## Provided data
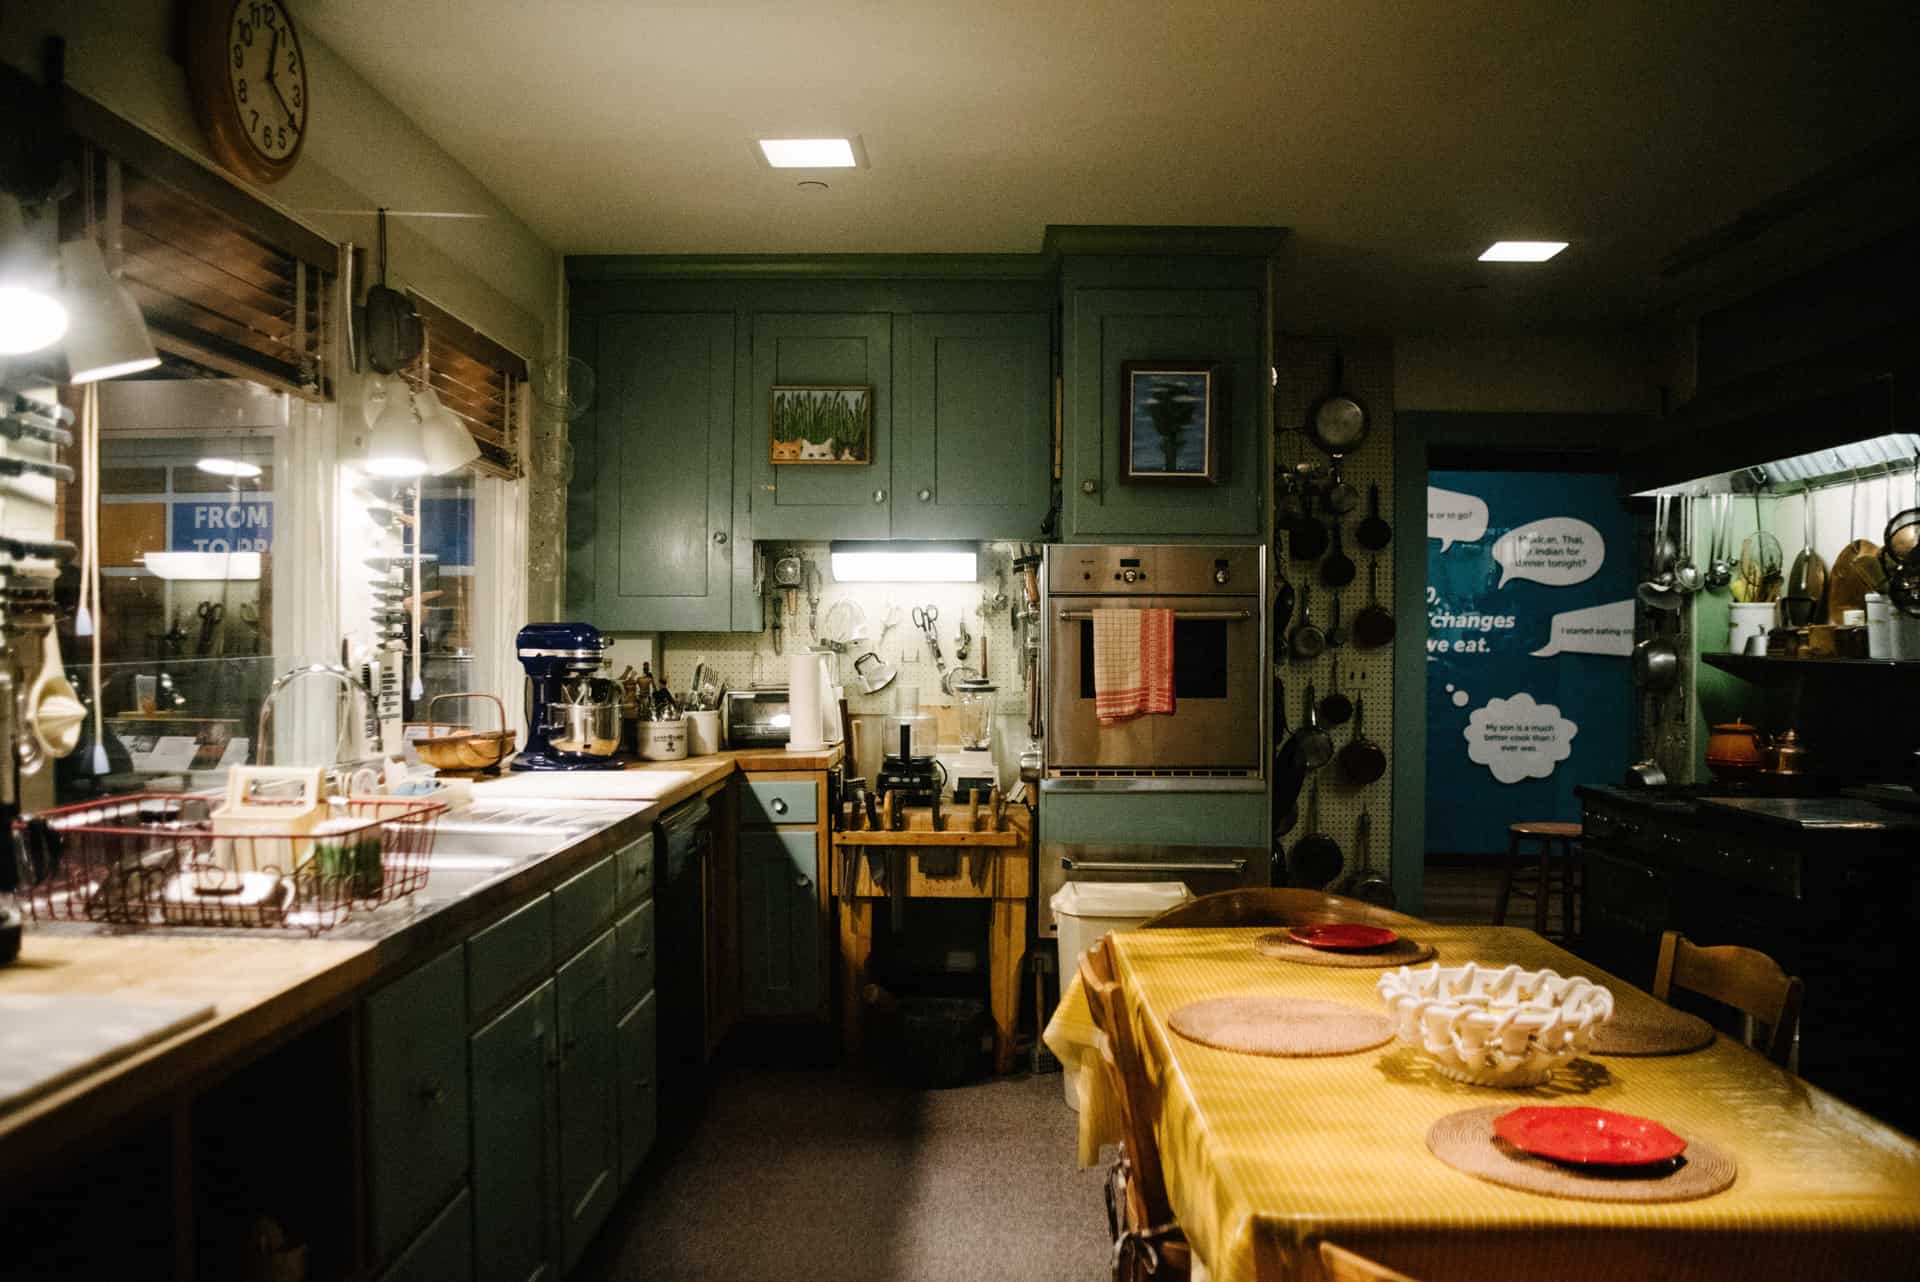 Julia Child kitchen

* * *

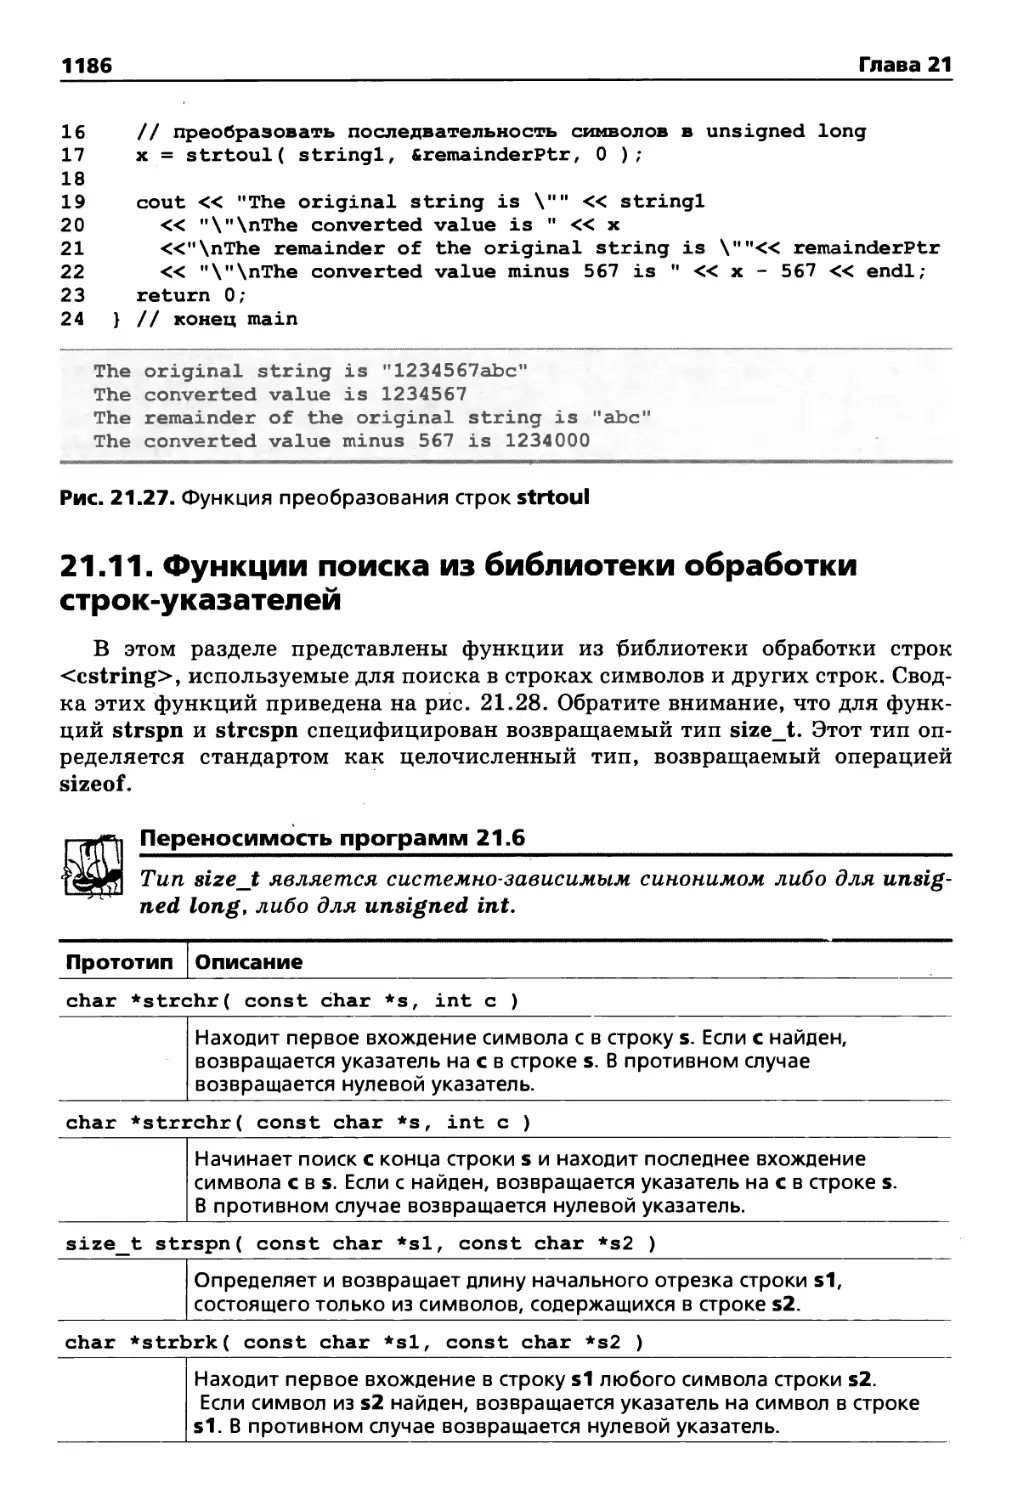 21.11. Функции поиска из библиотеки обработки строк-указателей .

--

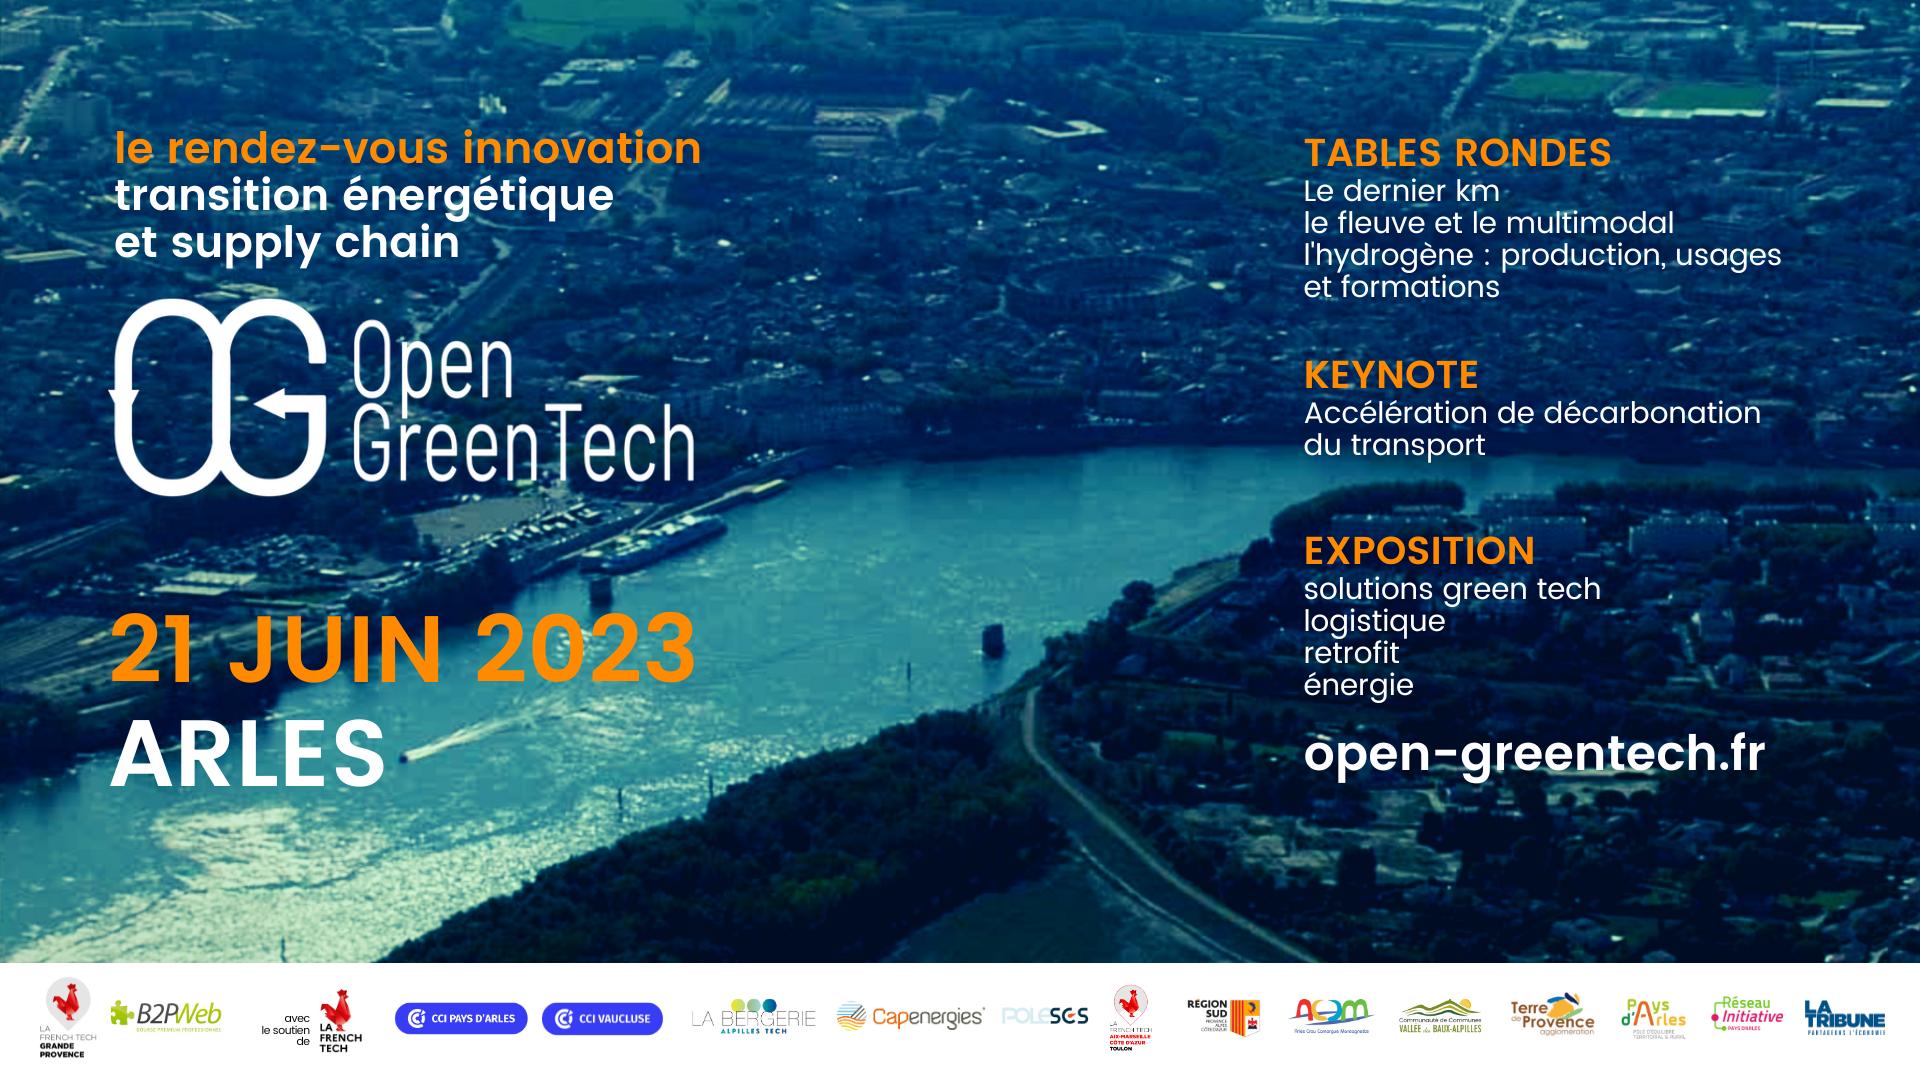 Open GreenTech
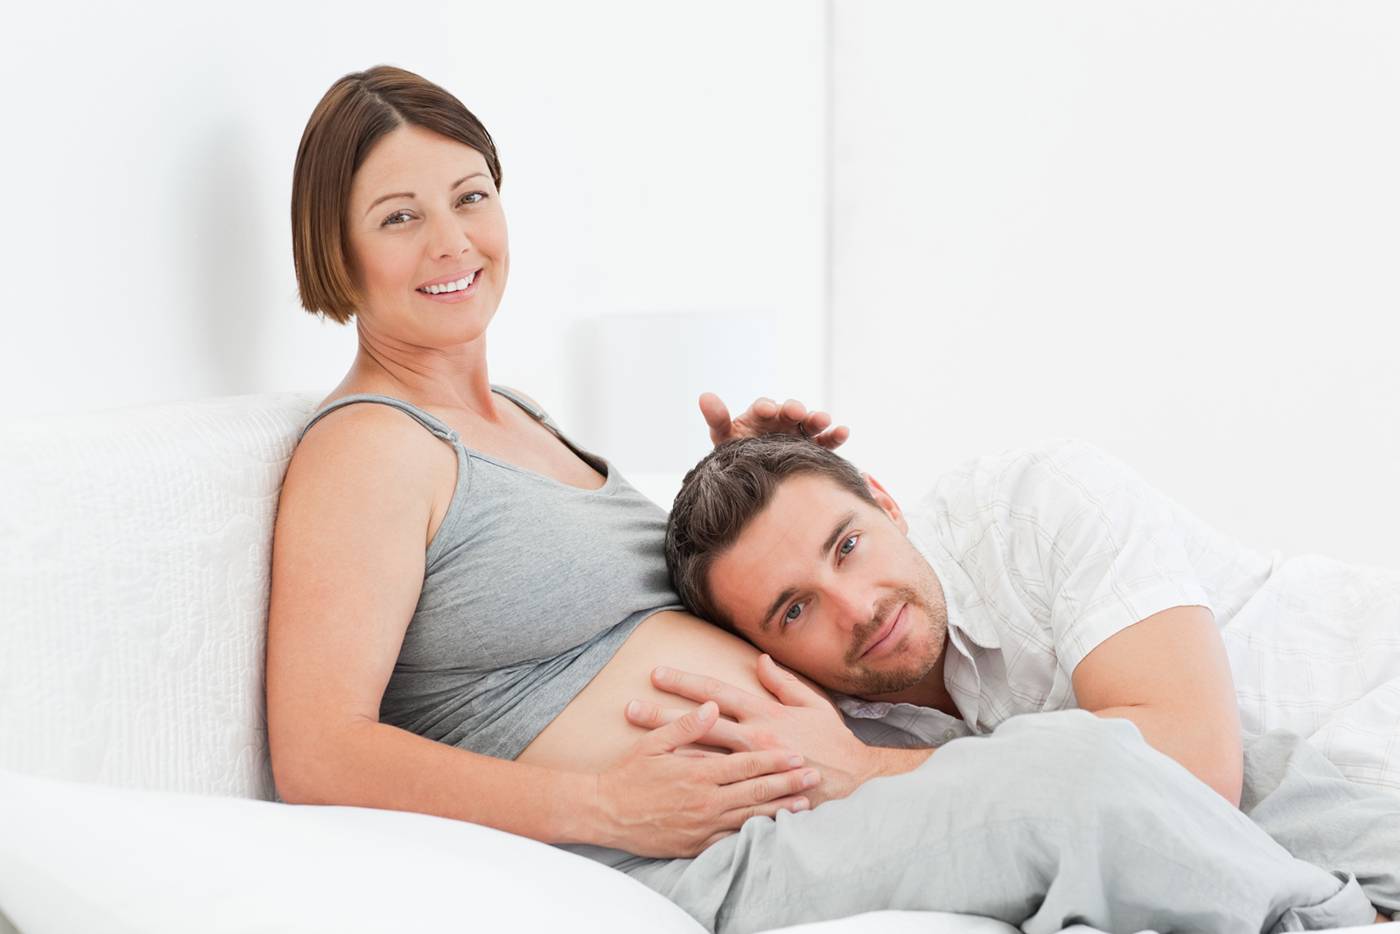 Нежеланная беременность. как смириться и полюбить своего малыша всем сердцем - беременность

## What you need to do
What is wanted is an exact copy of the lines above from the one containing "Open GreenTech" through the one containing "Нежеланная беременность. как", with no pictures in it.

## Problem solution
 Open GreenTech
 Нежеланная беременность. как смириться и полюбить своего малыша всем сердцем - беременность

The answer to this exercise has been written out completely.